- Opening Delimiter -

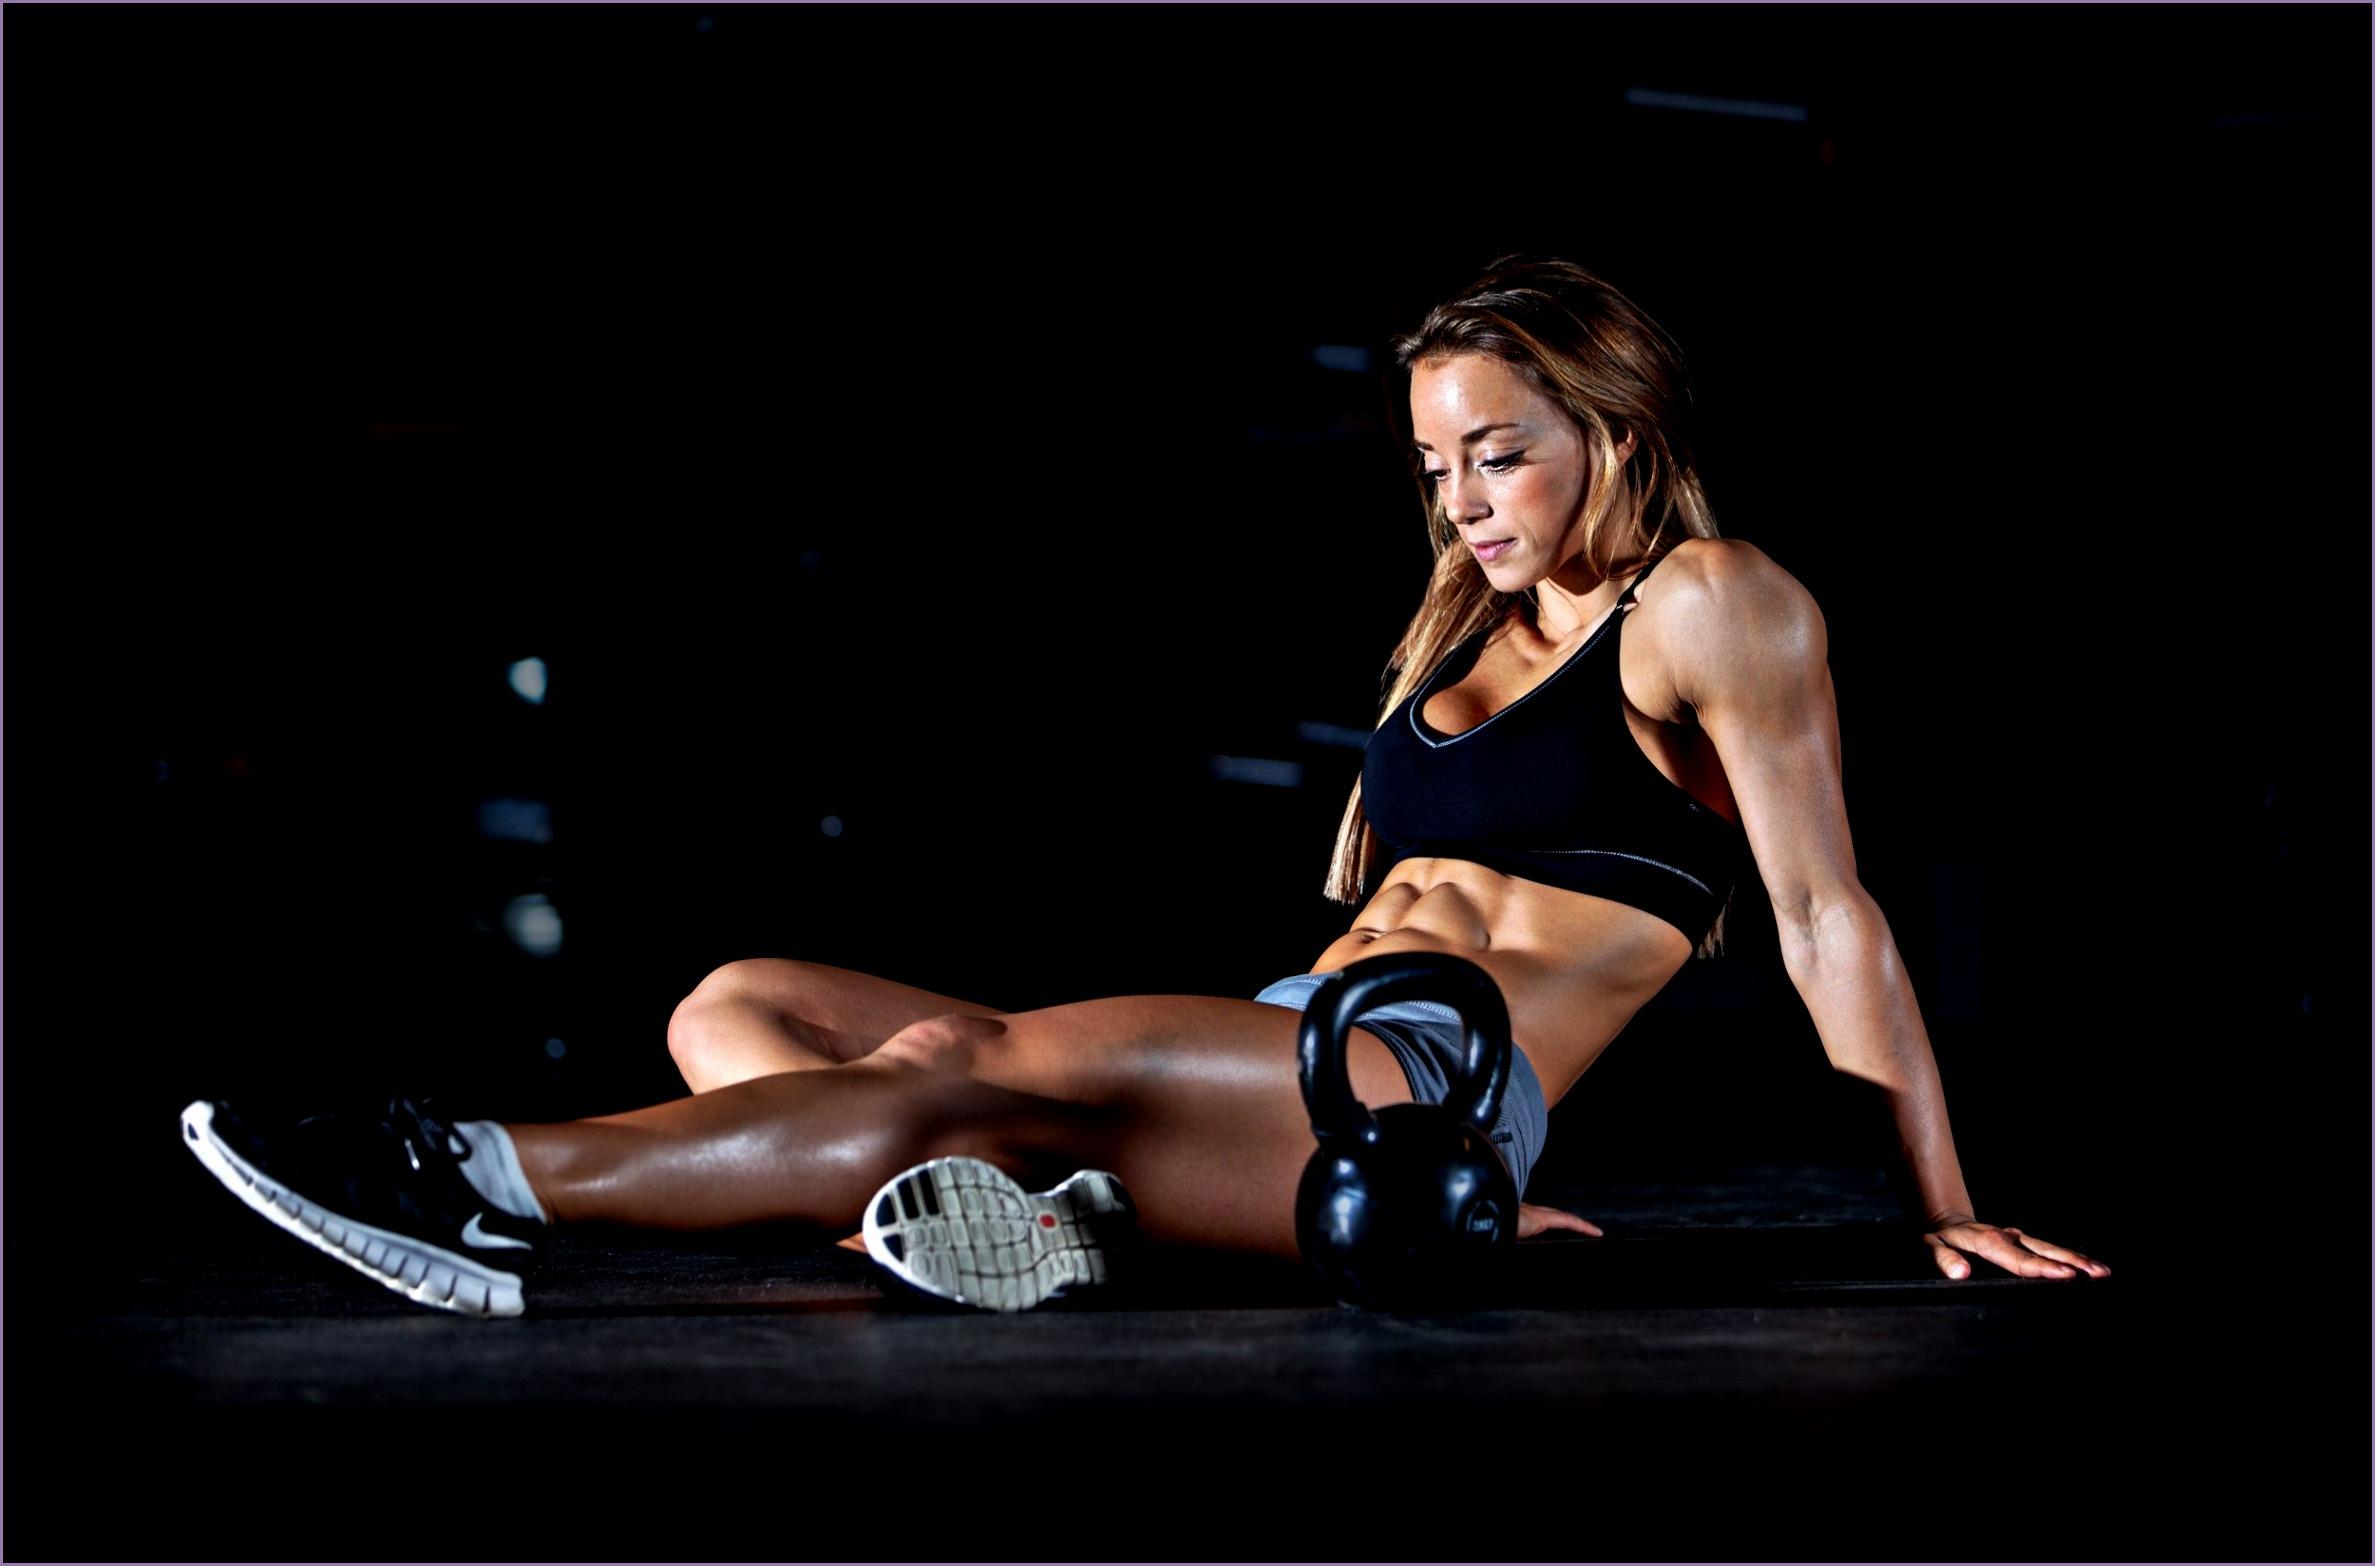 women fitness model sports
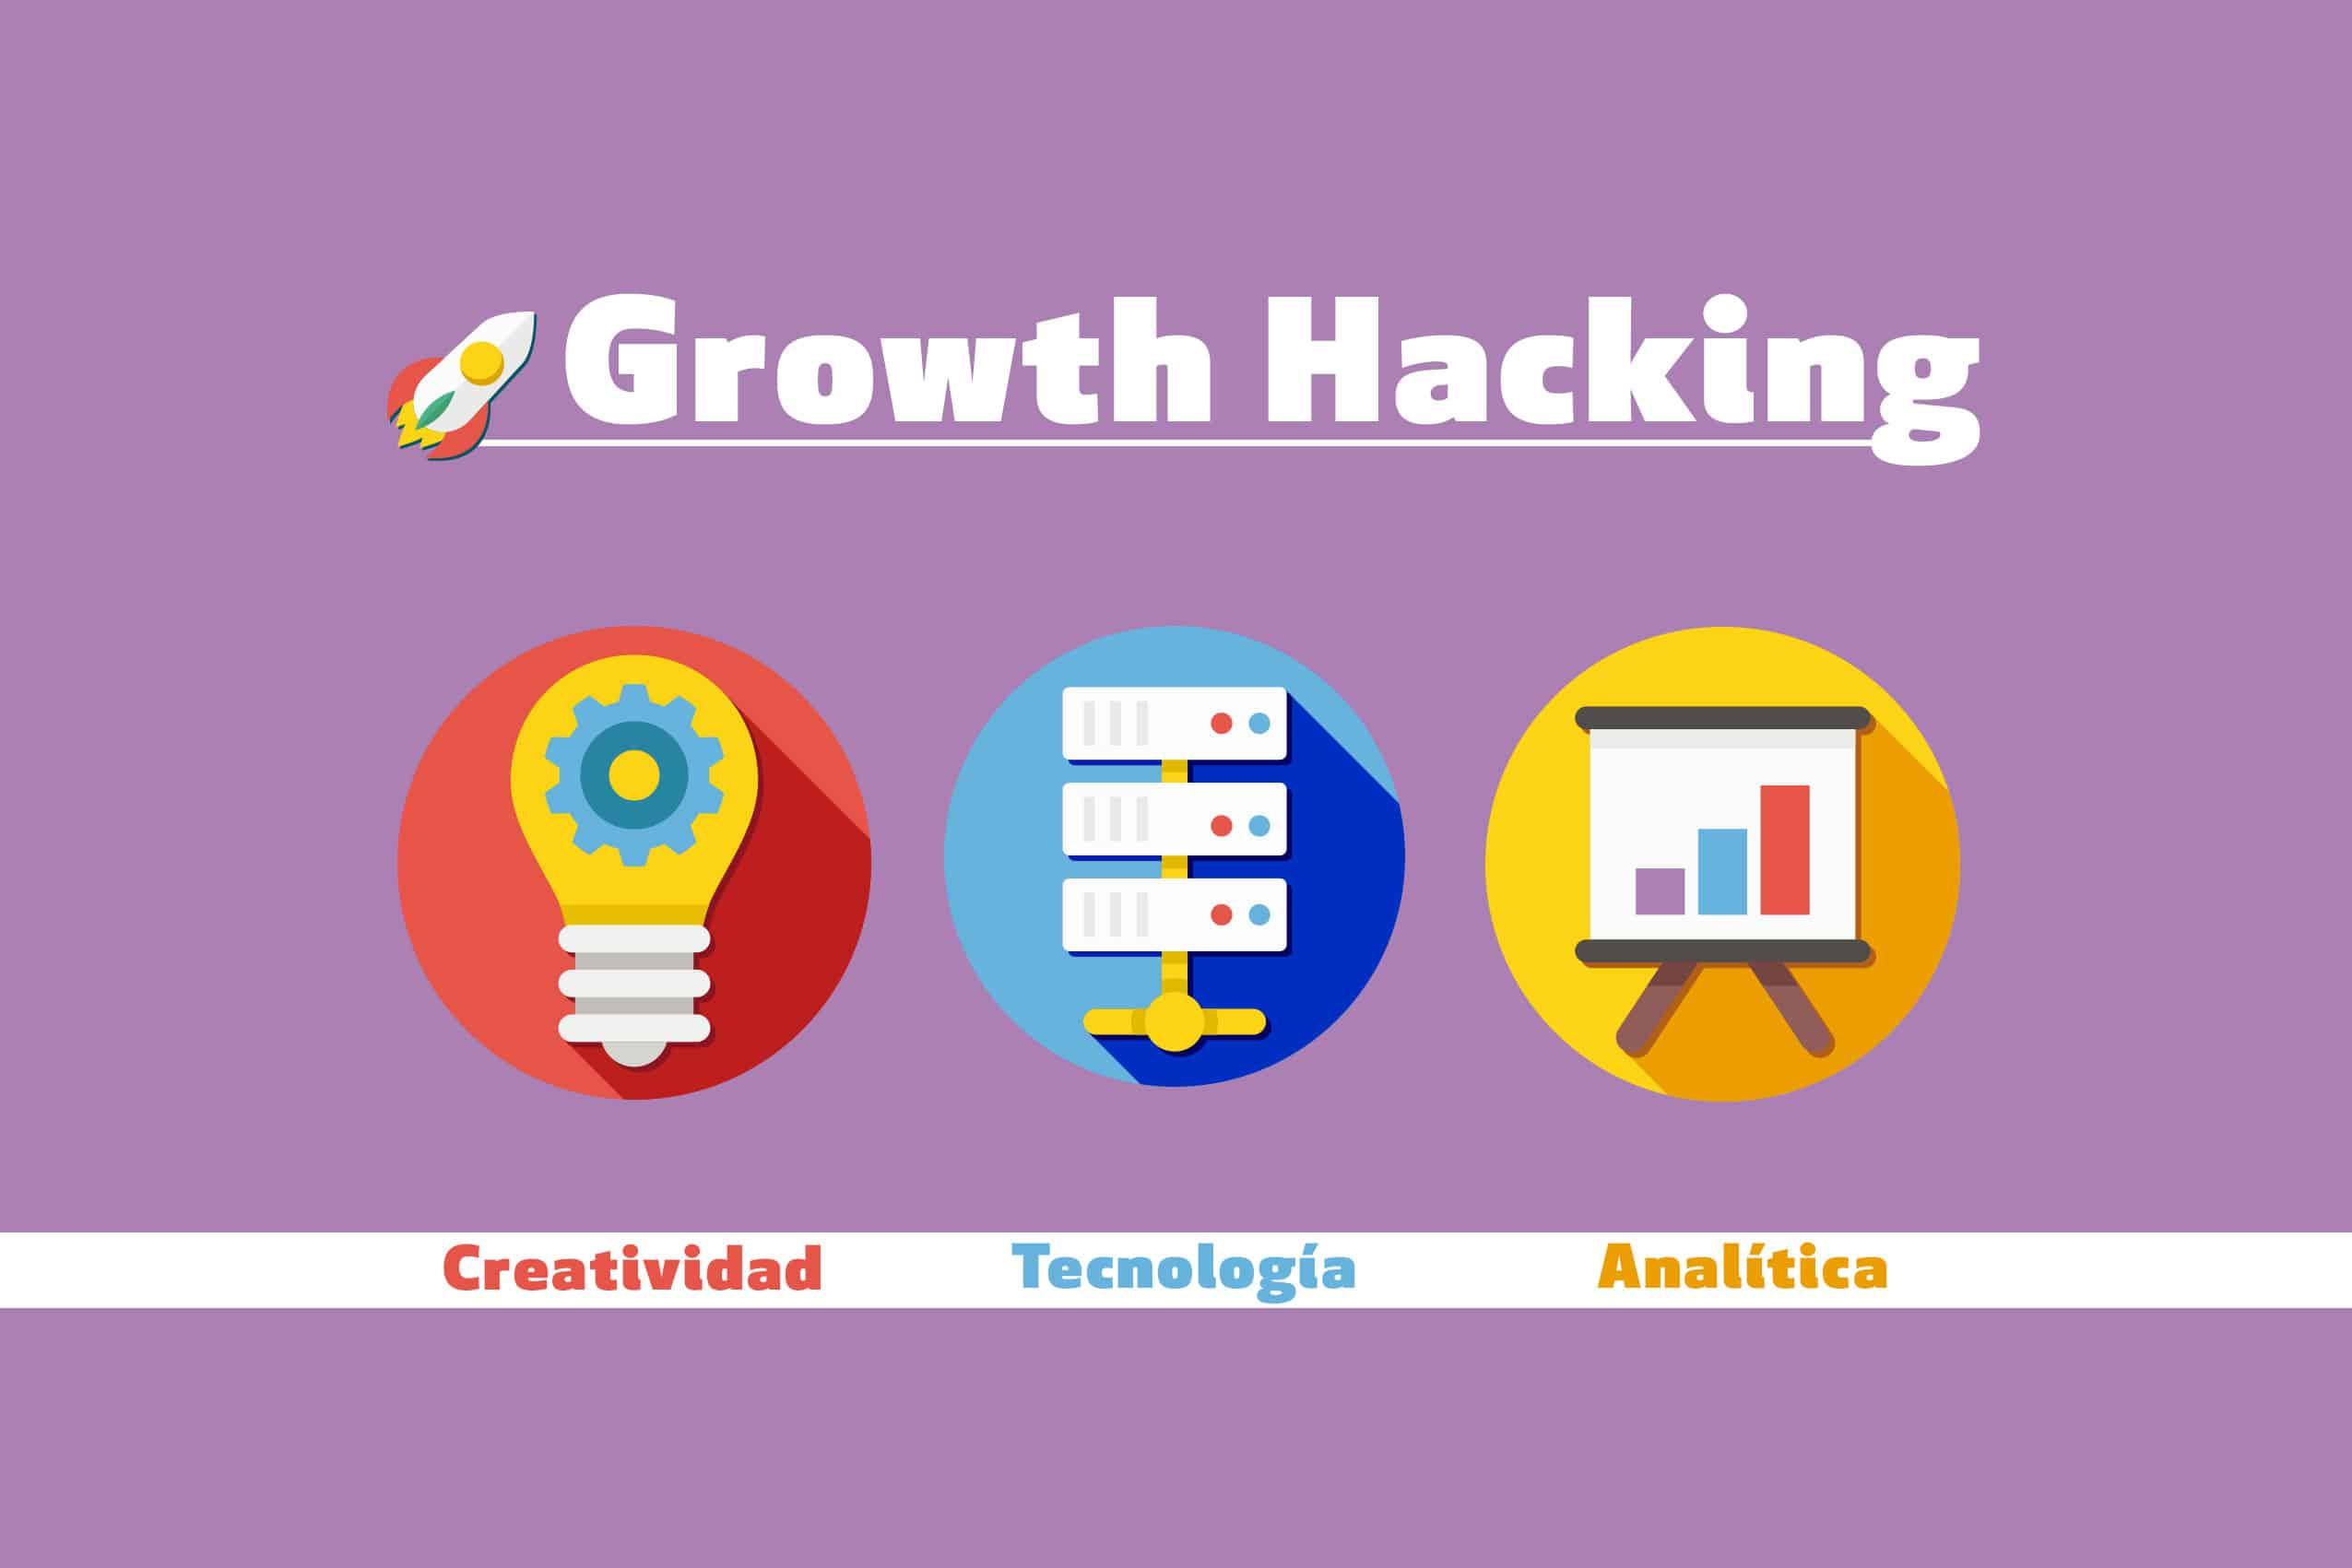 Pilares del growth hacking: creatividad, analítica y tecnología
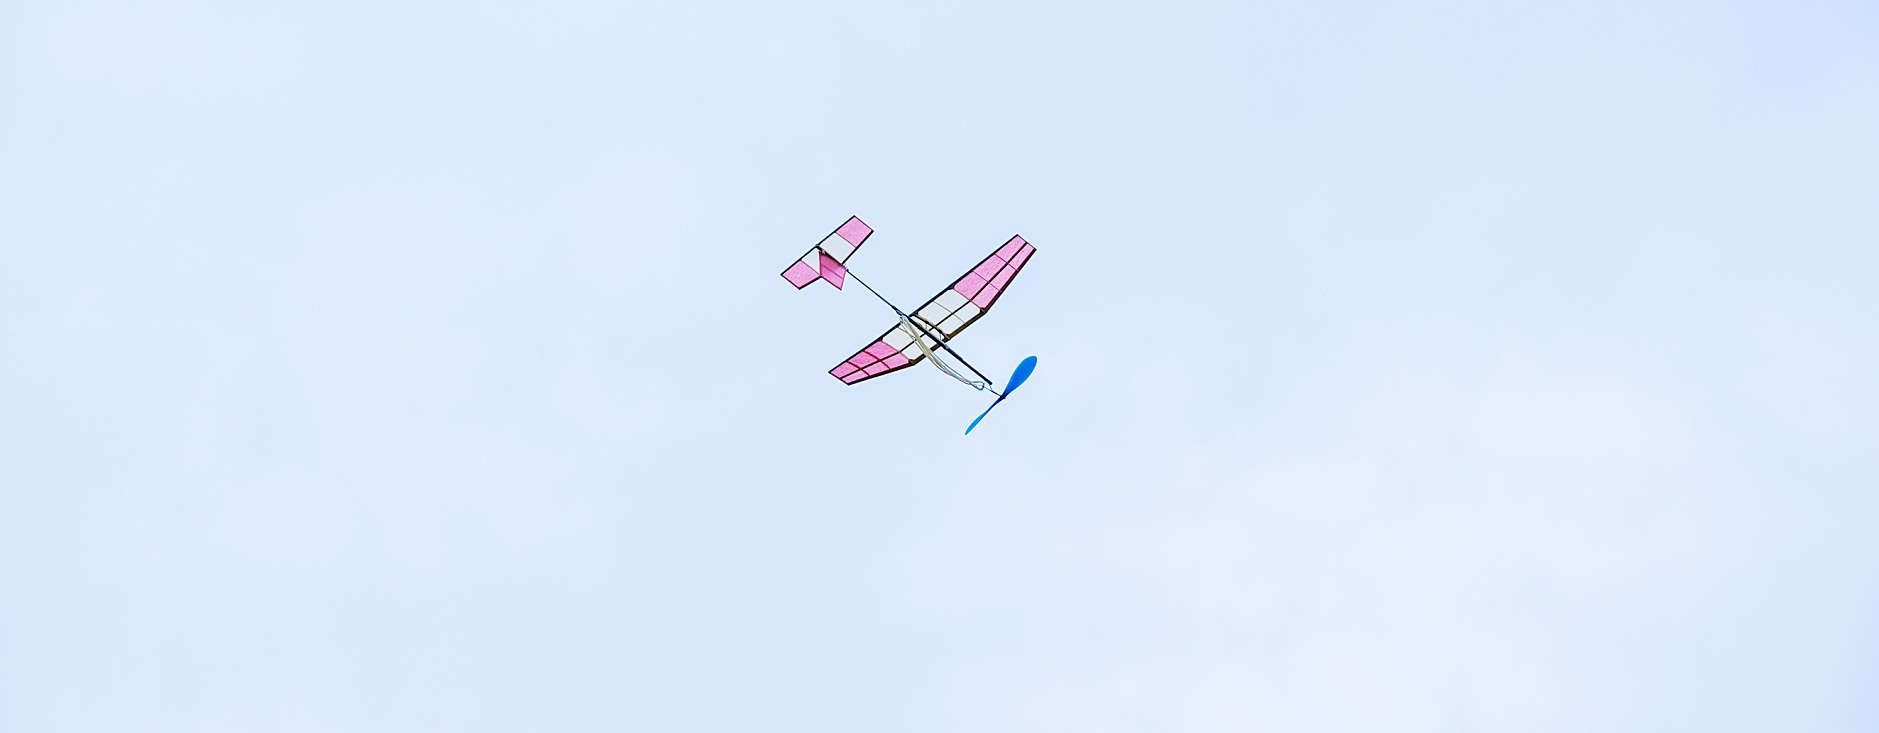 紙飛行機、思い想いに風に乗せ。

- Closing Delimiter -

*WHAT IS BEING ASKED*: Exact copy, pictures removed: set down the whole listing above.

*THE COMPLETED TASK*:
 women fitness model sports
 Pilares del growth hacking: creatividad, analítica y tecnología
 紙飛行機、思い想いに風に乗せ。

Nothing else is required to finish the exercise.